Ford-LTW2016_DriveBehaviour_01-2-2A smartphone app rates the drivers' beliefs over the class of each day and assigns a rating for each solar day, plus a graph showing their operation over time. Ford plant a driver's score tended to vary from twenty-four hours to day, often in response to traffic conditions and routes driven.

The driver's long-term score (collected over weeks or months) provides the opportunity to reward the driver with more favorable rates on insurance, or mayhap lower rates on rental cars or machine-sharing programs, such as Ford's Go Ride project.

What Ford is doing parallels the commuter trackers such as Progressive Snapshot from Progressive Insurance. Both use a module that plugs into the OBD-Two (onboard diagnostics) connector and both track driver behavior.
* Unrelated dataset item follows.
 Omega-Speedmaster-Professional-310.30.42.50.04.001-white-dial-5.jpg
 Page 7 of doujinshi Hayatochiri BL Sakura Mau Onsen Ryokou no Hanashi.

Ford's work is currently a research project that delves deeper into the fundamentals of behavior (no encephalon-moving ridge scanning headbands at Progressive). Both aim to meliorate your driving, and Progressive to do and so through the carrot-and-stick of insurance rates as well equally an insistent beep if you brake besides hard. The Snapshot monitor also deducts for driving at dangerous belatedly dark or early morning hours. Like the Ford experiment, it also tracks location, merely doesn't utilise that in calculating rates — in part because it gets into the touchy outcome of whether geo-tracking is a course of redlining with its racial overtones.

Ford was demonstrating the Smart Beliefs Project this week at London Applied science Week.